【W杯メンバー候補】乾&原口をアシストする“ドリブル師匠”

2018年05月30日 11時00分

岡部氏が独自の理論を語った

 6月14日に開幕のロシアW杯に臨むサッカー日本代表を陰ながら“アシスト”している男がいる。ドリブルに特化したテクニックを子供からプロ選手まで伝授する「ドリブルデザイナー」の岡部将和氏(34)だ。30日に国際親善試合ガーナ戦(日産)を控える日本代表MF乾貴士(29=エイバル)やMF原口元気(27=デュッセルドルフ)らW杯メンバー候補にもアドバイスを送っており、“世界トップ”のドリブラー誕生を目指している。

 卓越したドリブル技術を持つ岡部氏は、その技術を体系化し、プロアマ、性別、年齢問わず幅広いプレーヤーに伝授している。肩書は「ドリブルデザイナー」。コーチではない。「指導は上から教えているような感じになってしまいます。そういうつもりはなく、選手それぞれの良さを生かすためにデザインするというイメージでデザイナーなんです」と語る。

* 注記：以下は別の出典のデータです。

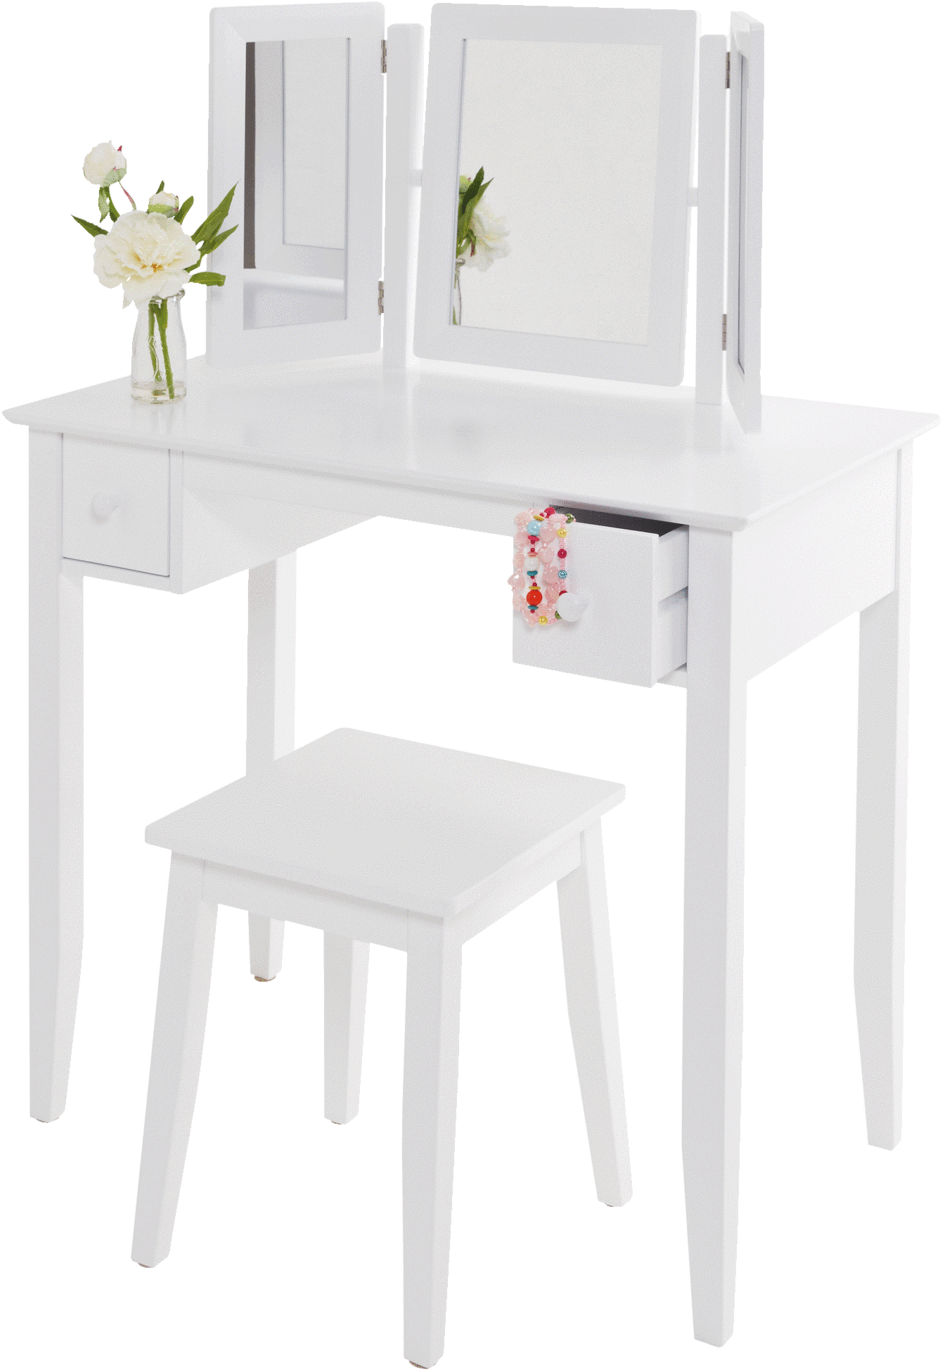 A White Table With A Mirror And Stool

 様々な選手のスキルアップを“デザイン”している様子をインターネットの動画サイトにアップするなど地道な活動を続けていると反響も大きくなり、サッカー界で知られた存在になった。

 そんなとき、共通の知人を通じて知り合った乾と意気投合。スペインで自身の技術を伝える機会を得たという。「プロの選手が僕に教えてもらおうとするのは勇気がいると思います。でも、だからプロなんだと。一般の人よりうまくなるため、常にアンテナを張っているし、うまくなるためには貪欲なんです」

 ロシアW杯を見据えてドリブラーとして輝こうとする乾に何を伝えてきたのか。岡部氏はこう振り返った。「スペインに行ったのは4か月くらい前ですね。(アルゼンチン代表FWリオネル)メッシ(30=バルセロナ)とか(元オランダ代表FWアリエン)ロッベン(34=バイエルン・ミュンヘン)とか世界的なドリブラーは縦の突破ありきの中へのドリブルなので、縦のドリブルを『より強化しよう』ということでアドバイスさせていただきました」

 一体“縦ありき”とはどういうことなのだろうか。岡部氏は「ドリブルは大きく分けると相手の縦側か中側を取るかの2通り。縦ありきだとDFは後ろに重心がいき、縦、横どちらも対応が遅くなる。横に関してはDFの逆を突いたとしても、DFがその次のプレーにスムーズに移れるため守りやすいのです」と独自の理論を説明した。

 一方、原口に関しては「(ドリブルで)ボールを前に出したときの相手との距離ですね。『その距離何センチですか?』と聞いたら感覚ということだったので、最強のDFが思い切り足を出してきたら何センチ届くのかというところをアドバイスしました」。相手DFの届かない間合いを保てば、ミスがない限りボールを奪われることはないわけだ。

 同氏は元イタリア代表DFマルコ・マテラッツィ氏(44)が足を伸ばして届く距離が180センチだったことを踏まえて、こう解説した。「自分の前に直径22センチのボールがあるので2メートル2センチ(対峙するDFと)空けておけば物理的に届きません。今はもうちょっと伸びる選手もいるだろうし、それに合わせて間合いを変えればいいのです。教えるときは(原口に限らず)『自分が抜きたいDFの最強を想像してください』と伝えています」

 2人はロシアW杯に向けてドリブルのスキルに磨きをかける中、助言は個々の特性やプレースタイルによっても変わり、中には詳細を明かせない要素も含まれているという。岡部氏は「僕が教えたことが生きてくれたらうれしいですね。それで少しでも勝つ確率が上がってくれればと思います」と語る。

 1次リーグ突破は簡単ではないが、原口や乾が勝利に導くプレーをした暁には“その裏に岡部氏の助言あり”となるかもしれない。

【本田への期待】岡部氏は日本代表MF本田圭佑(31=パチューカ)とも親交がある。あるイベントで出会って会話が進むと、本田のプロデュースするサッカースクールで子供たちへの講師をオファーされ、その後に指導が実現したという。同氏はキャリアの集大成としてロシアW杯に臨む本田について「変な崩れ方をしないというか転ばない印象。ボールをキープして時間を一人でつくれる選手でキーになるプレーヤーだと思います」と期待した。

☆おかべ・まさかず=1983年8月1日生まれ。神奈川県出身。サッカー選手として横浜Mジュニアユース、神奈川県立荏田高校、桐蔭横浜大でプレー。大学卒業後はFリーグ(フットサル)の湘南で活躍。現役引退後はフットサル指導者となり、ドリブルデザイナーとしても活動。自ら確立したドリブル理論で子供からプロまで幅広いプレーヤーにアドバイスを送っている。